_WORK REQUEST:_ With the pictures removed, retype the lines from the one holding "하얀 드레스를 입은 사람이 물에 서 있다" through the end of the records, exactly as written.

(Dataset entries)
┏━━
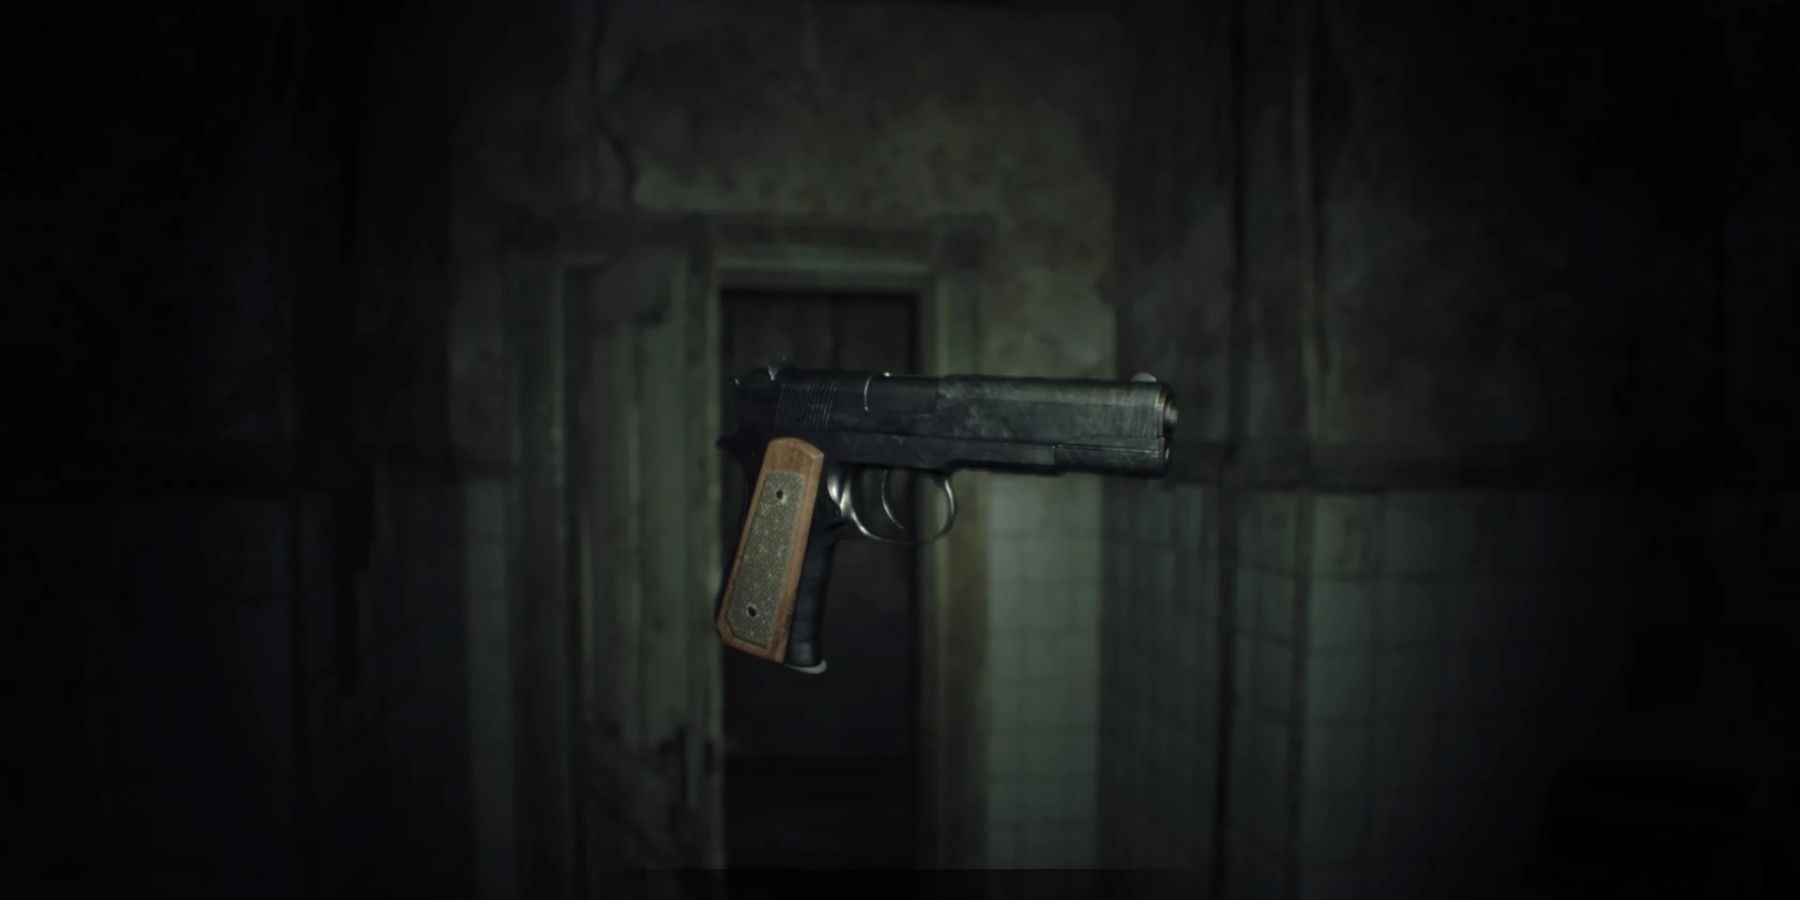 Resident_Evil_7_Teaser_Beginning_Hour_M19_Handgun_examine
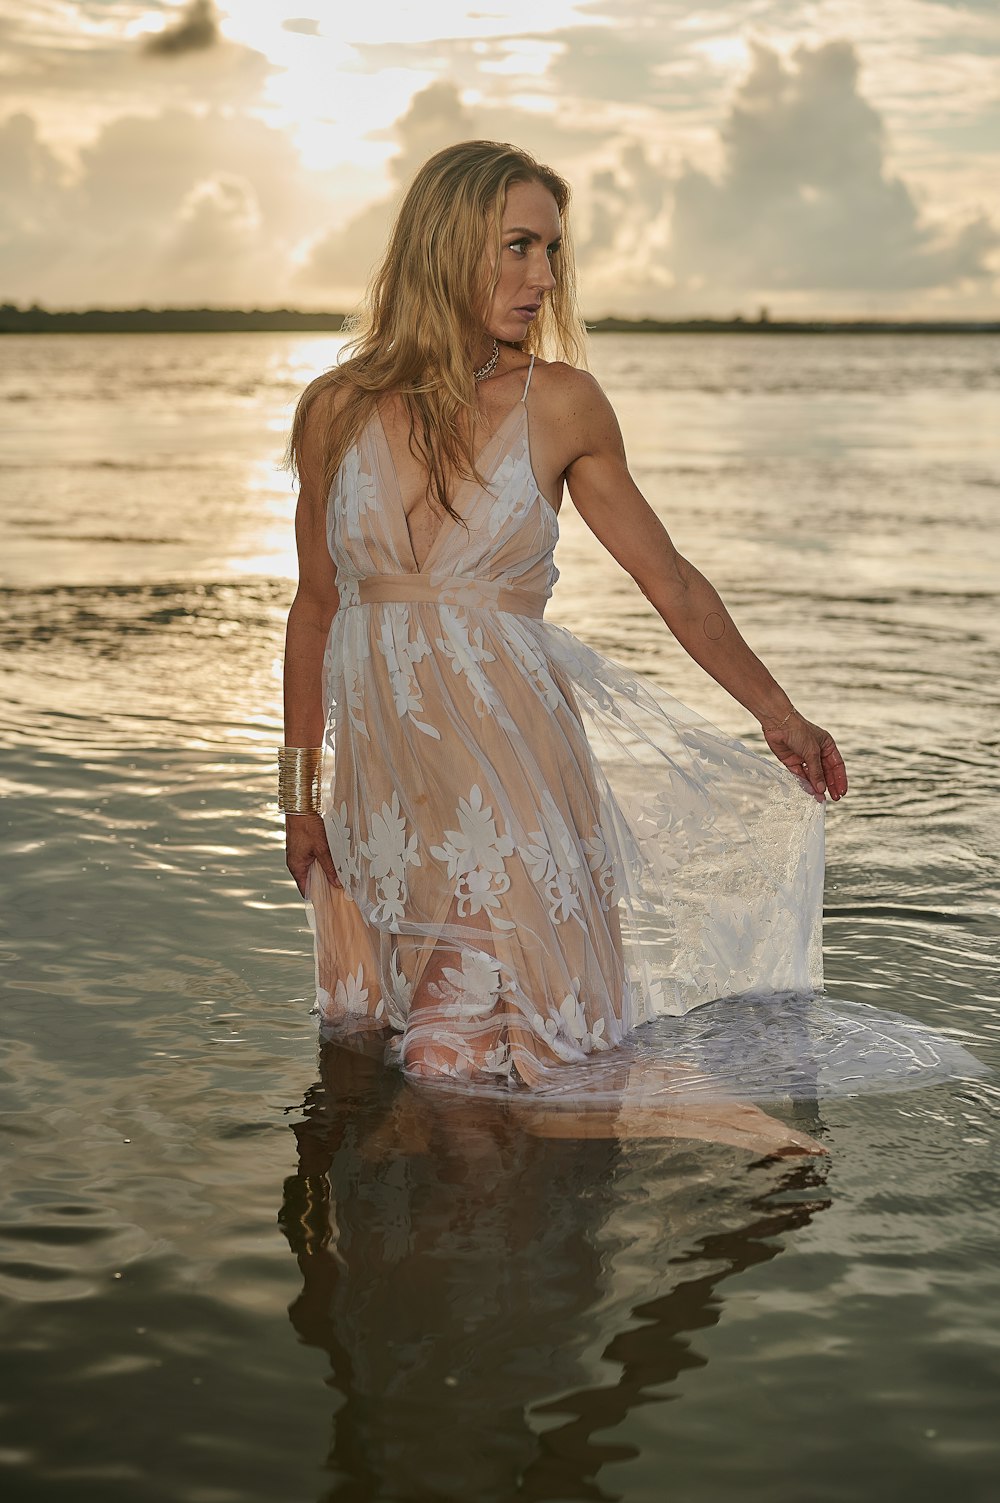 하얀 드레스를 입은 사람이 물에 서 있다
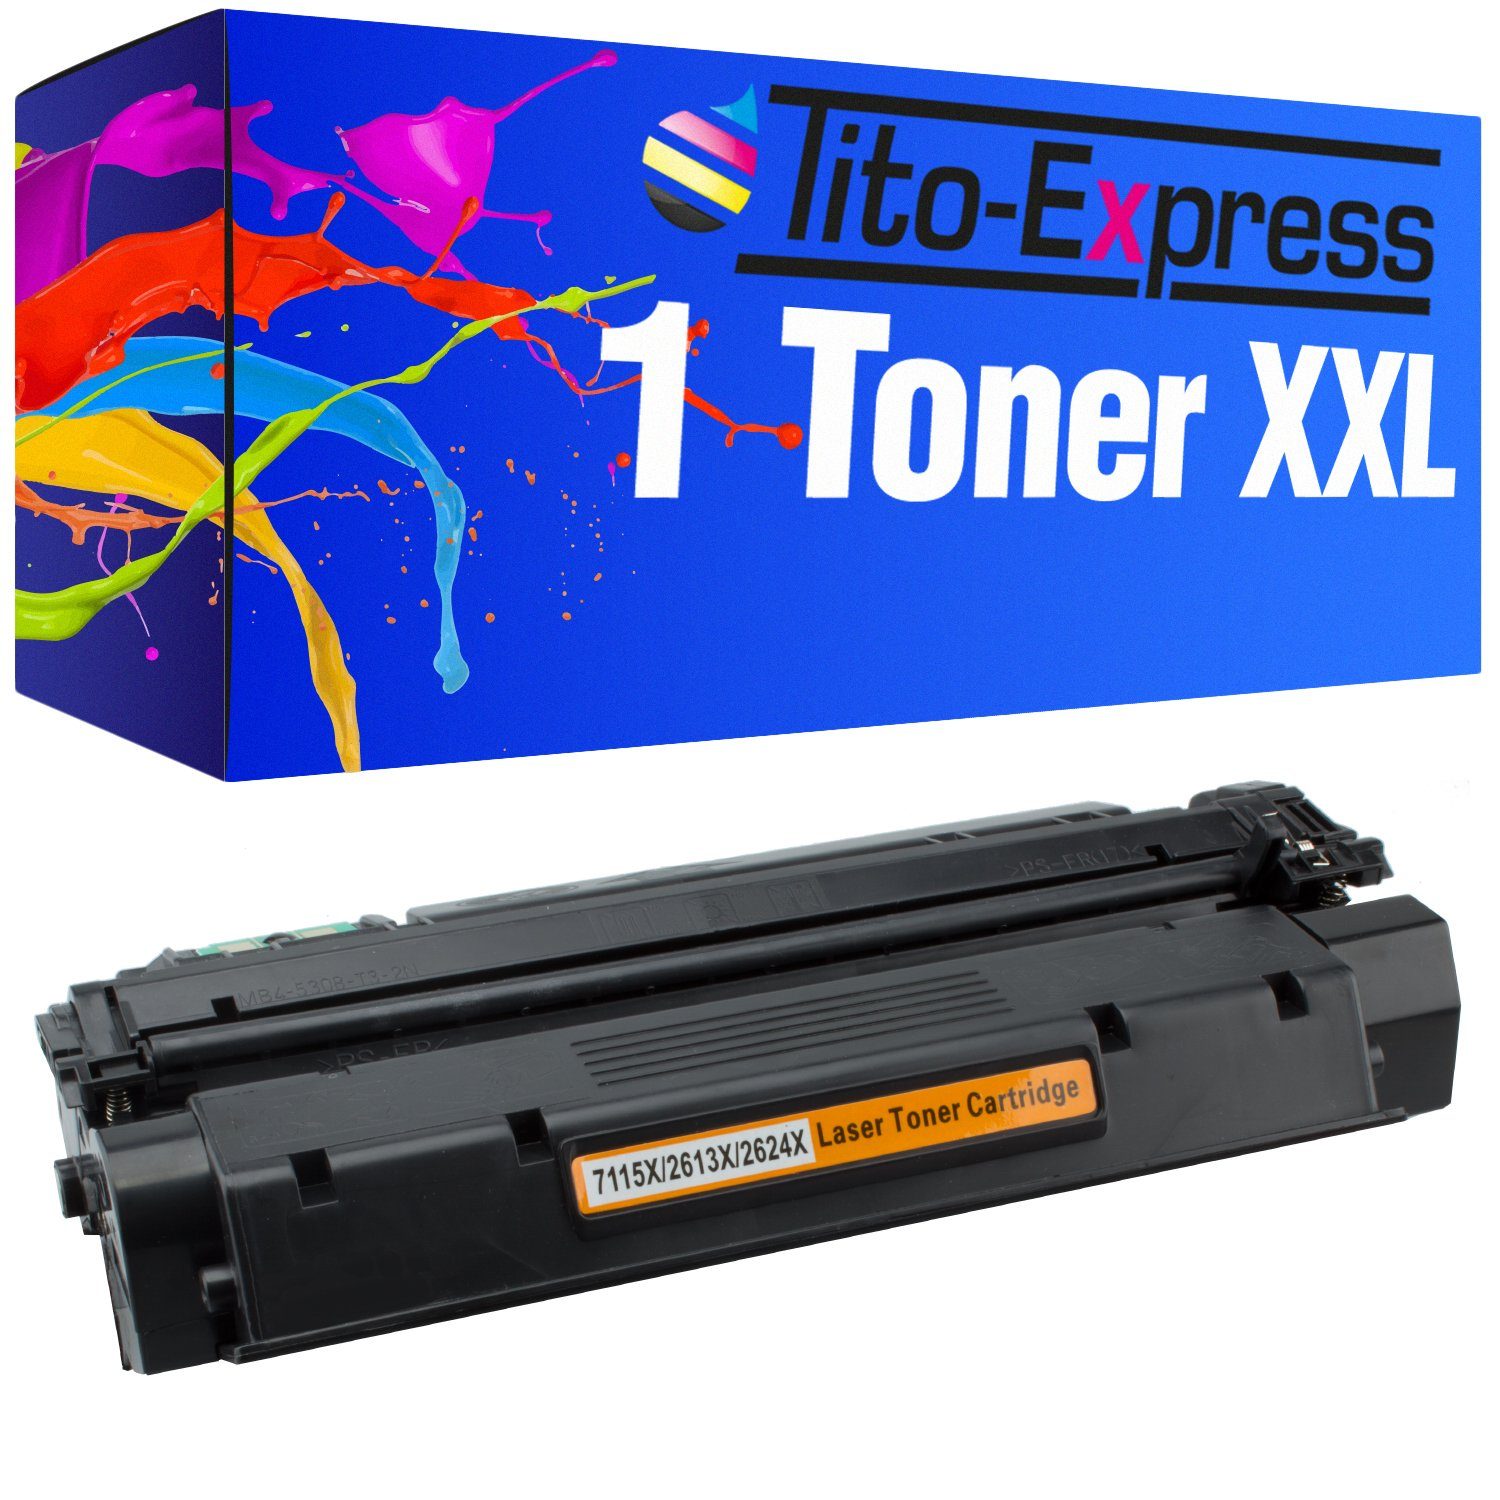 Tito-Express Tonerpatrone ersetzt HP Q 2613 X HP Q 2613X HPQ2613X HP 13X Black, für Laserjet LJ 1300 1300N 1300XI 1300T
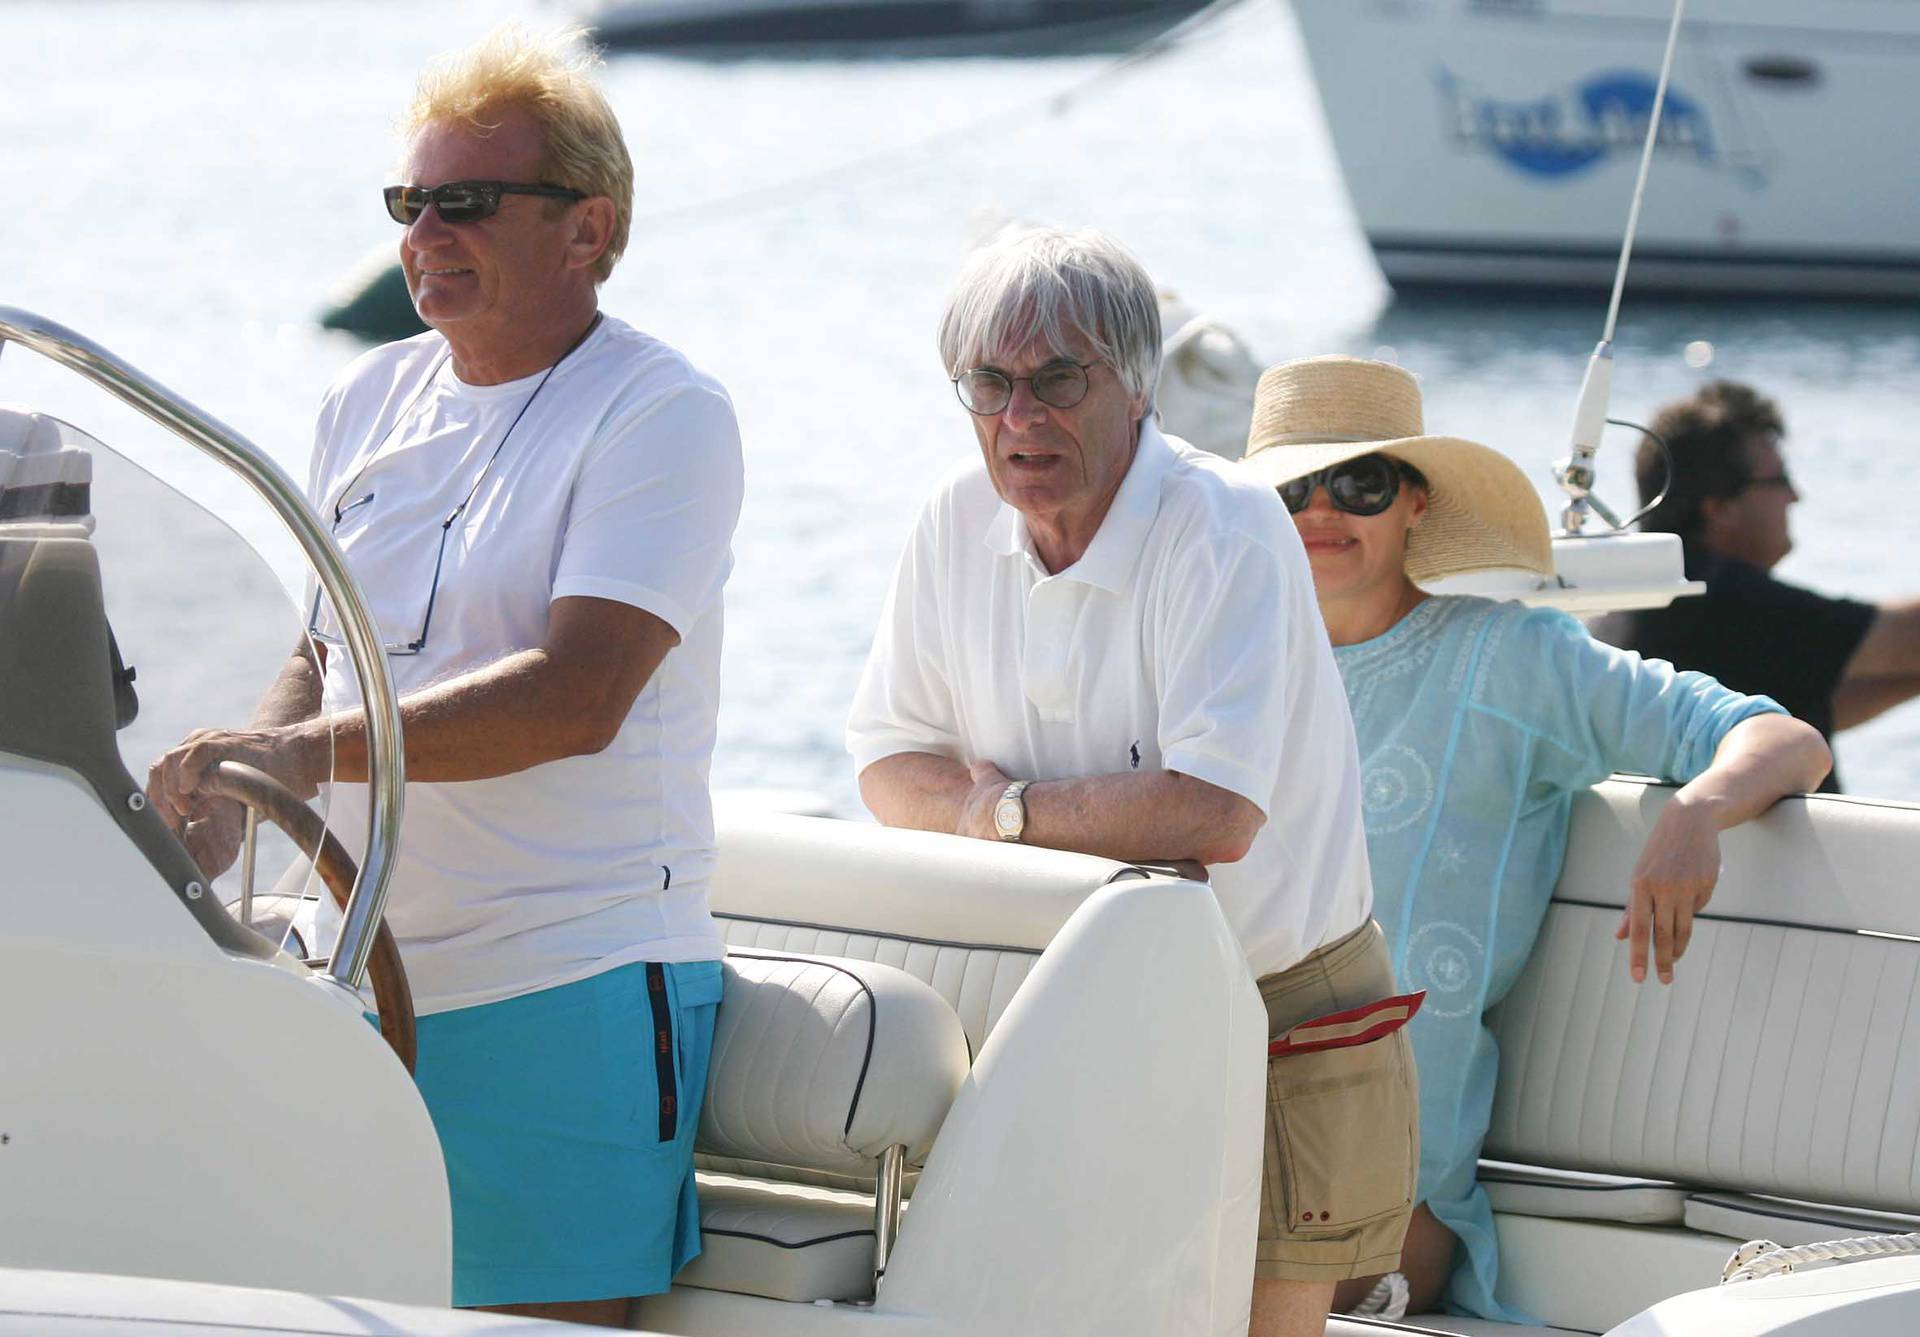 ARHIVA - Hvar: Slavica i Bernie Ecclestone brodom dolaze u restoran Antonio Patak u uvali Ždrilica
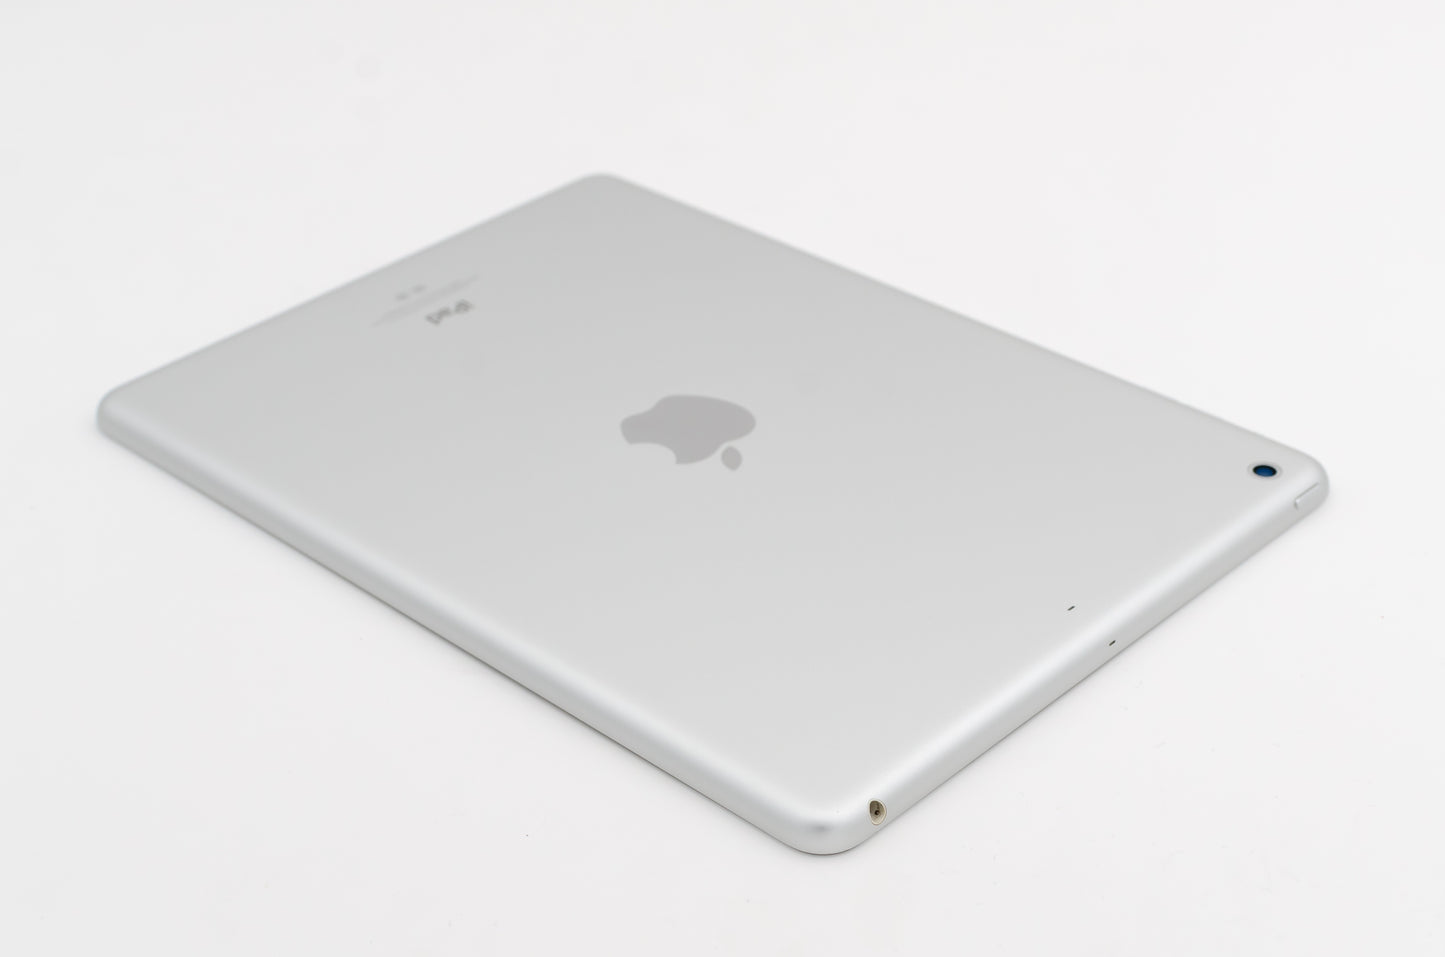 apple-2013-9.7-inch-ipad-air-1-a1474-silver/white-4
┗━━
_THE COMPLETED TASK:_
 하얀 드레스를 입은 사람이 물에 서 있다
 Tito-Express Tonerpatrone ersetzt HP Q 2613 X HP Q 2613X HPQ2613X HP 13X Black, für Laserjet LJ 1300 1300N 1300XI 1300T
 ARHIVA - Hvar: Slavica i Bernie Ecclestone brodom dolaze u restoran Antonio Patak u uvali Ždrilica
 apple-2013-9.7-inch-ipad-air-1-a1474-silver/white-4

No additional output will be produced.